Suppose that your new survey sample has M = 3.57 (N = 50).

The sample mean of 3.57 is still within the 95% of the sampling distribution. We therefore accept that the sample mean of 3.57 did not differ from the population mean of 3.46. It is possible that sampling error occurs and we get the sample mean slightly larger than the population mean.

Sample 2

Let’s consider another sample of M = 2.96 (N = 50).

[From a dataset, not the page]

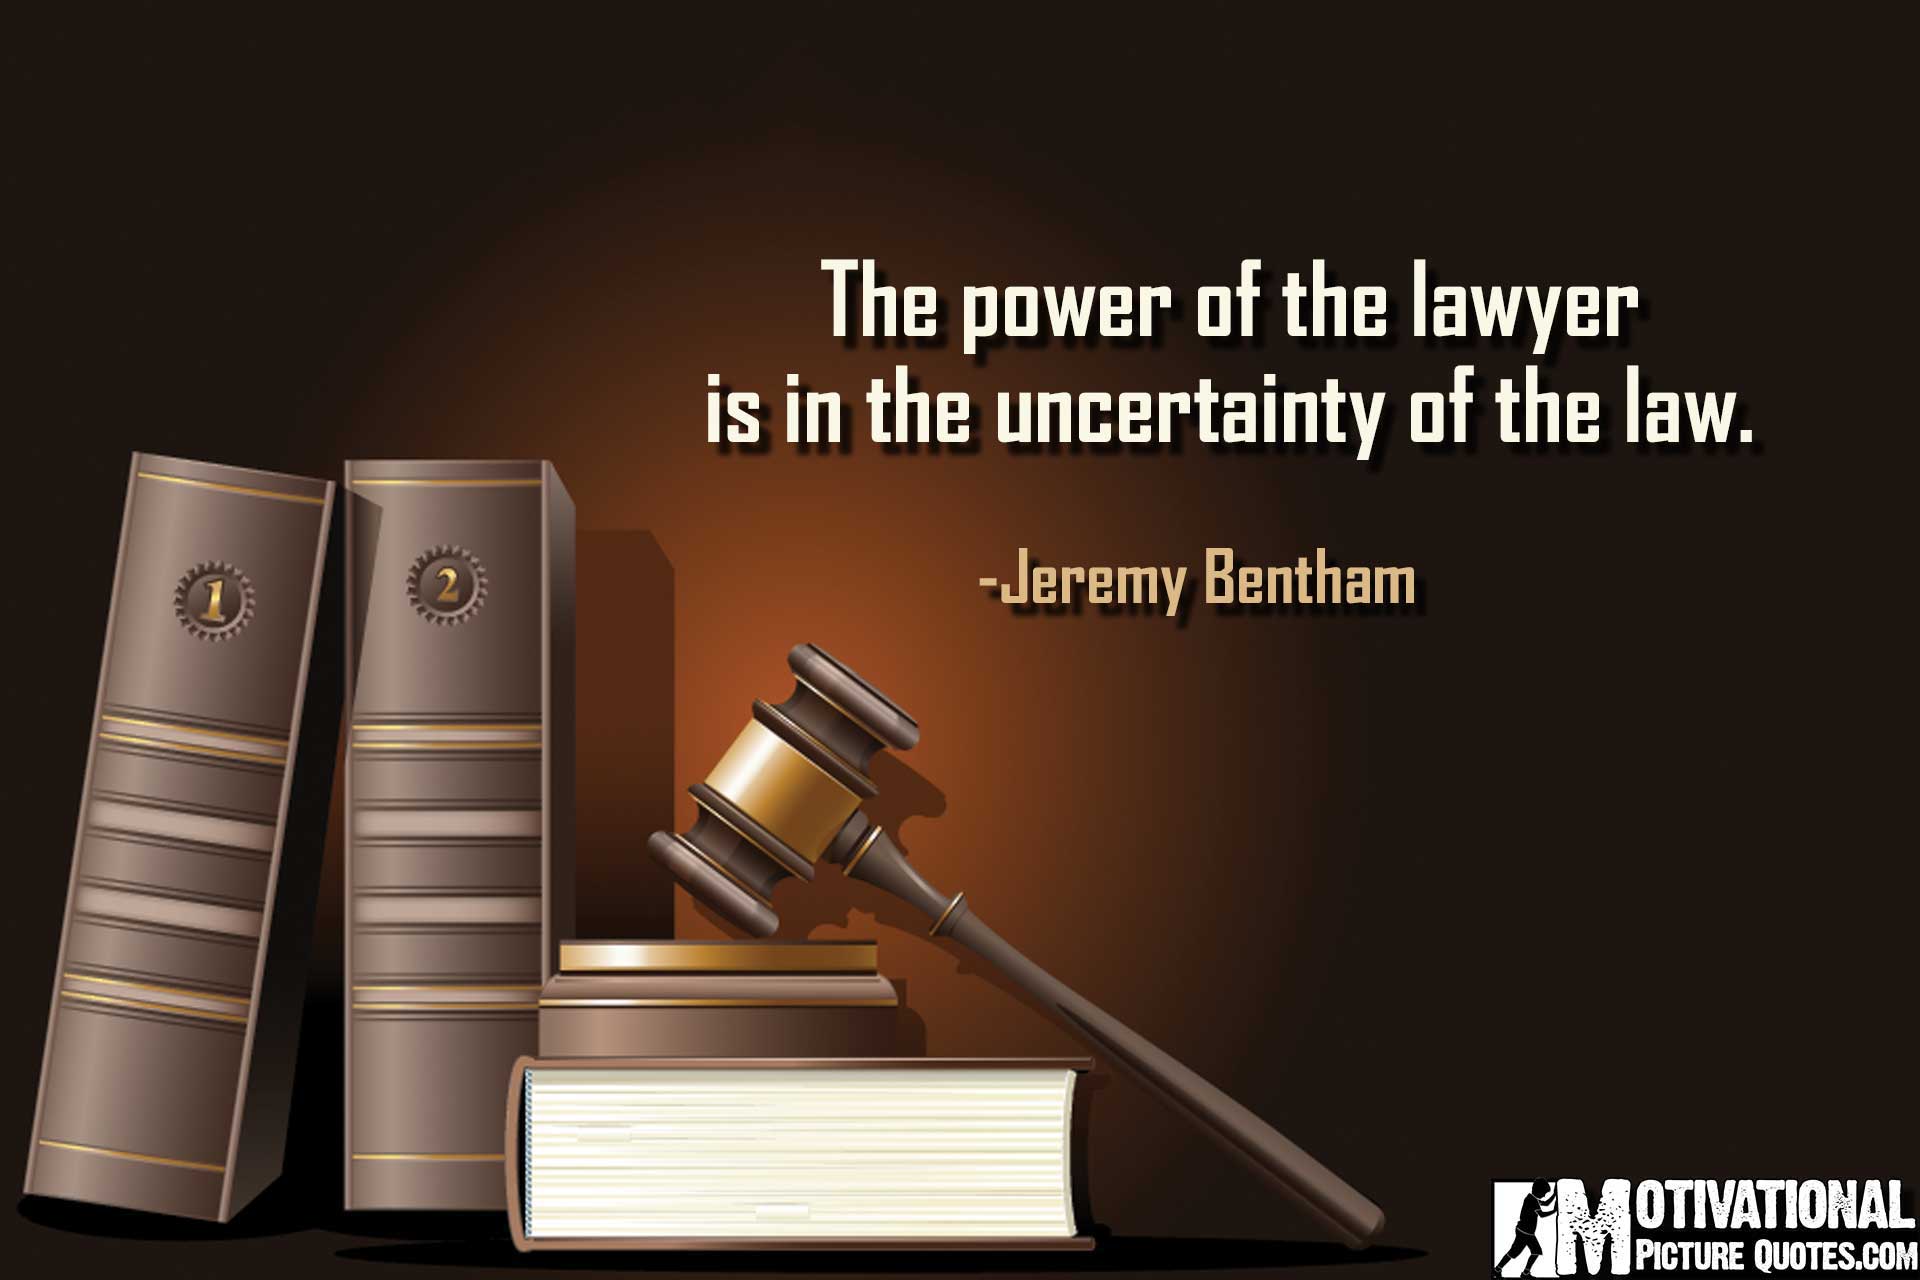 Inspirational Quotes for Law Students .insbright.com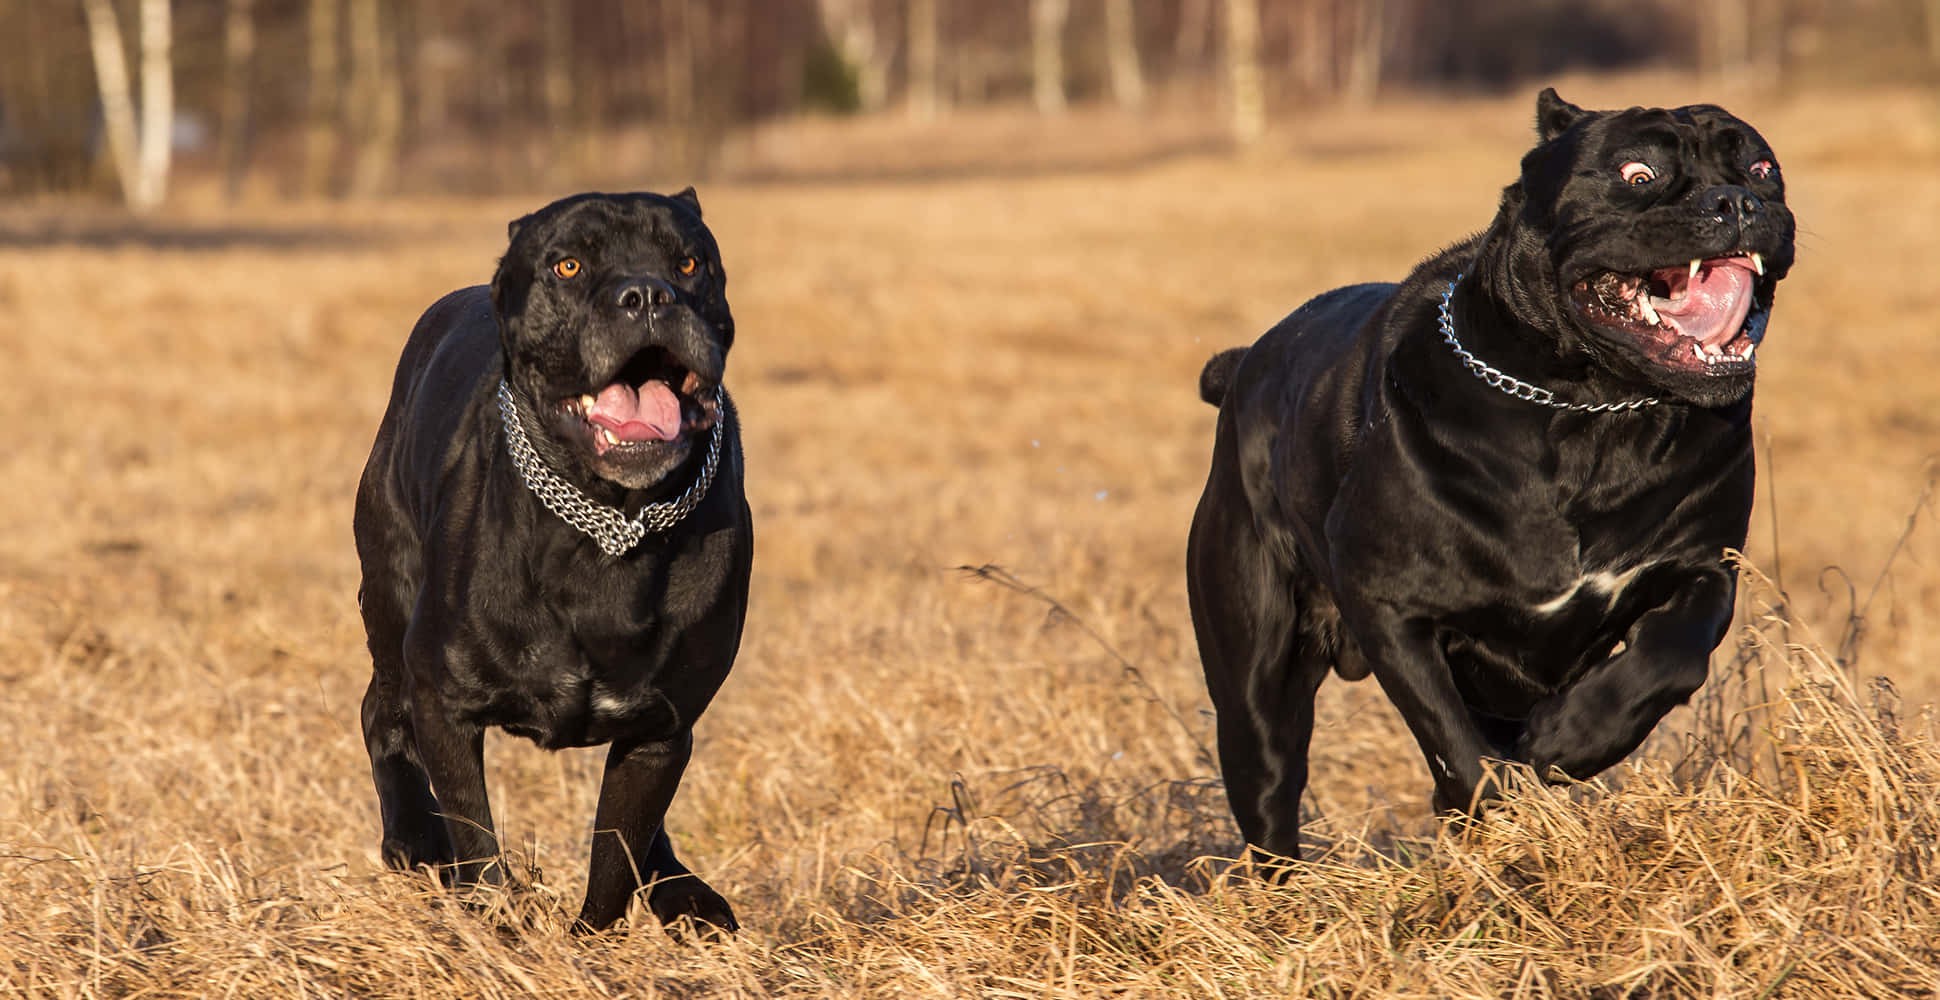 Elegant and Powerful - The Cane Corso

Now the sample mean lies outside the 95% interval, suggesting that this case happen less than 5 out of 100 times. It is very unlikely to obtain the sample mean this low given that the sample comes from this population.

At this point, we are confident to infer that this sample may NOT come from this student population. Could we be wrong? Yes, but less than 5% of the times. This 5% possibility of being wrong is called Type I error. Despite that, we are quite confident that this sample is unlikely from the student population.

Null Hypothesis Testing

Now that we know the sampling distribution of the mean will be normally distributed, we do not need to simulate the sampling distribution. Instead, we could compare our data to the z-distribution.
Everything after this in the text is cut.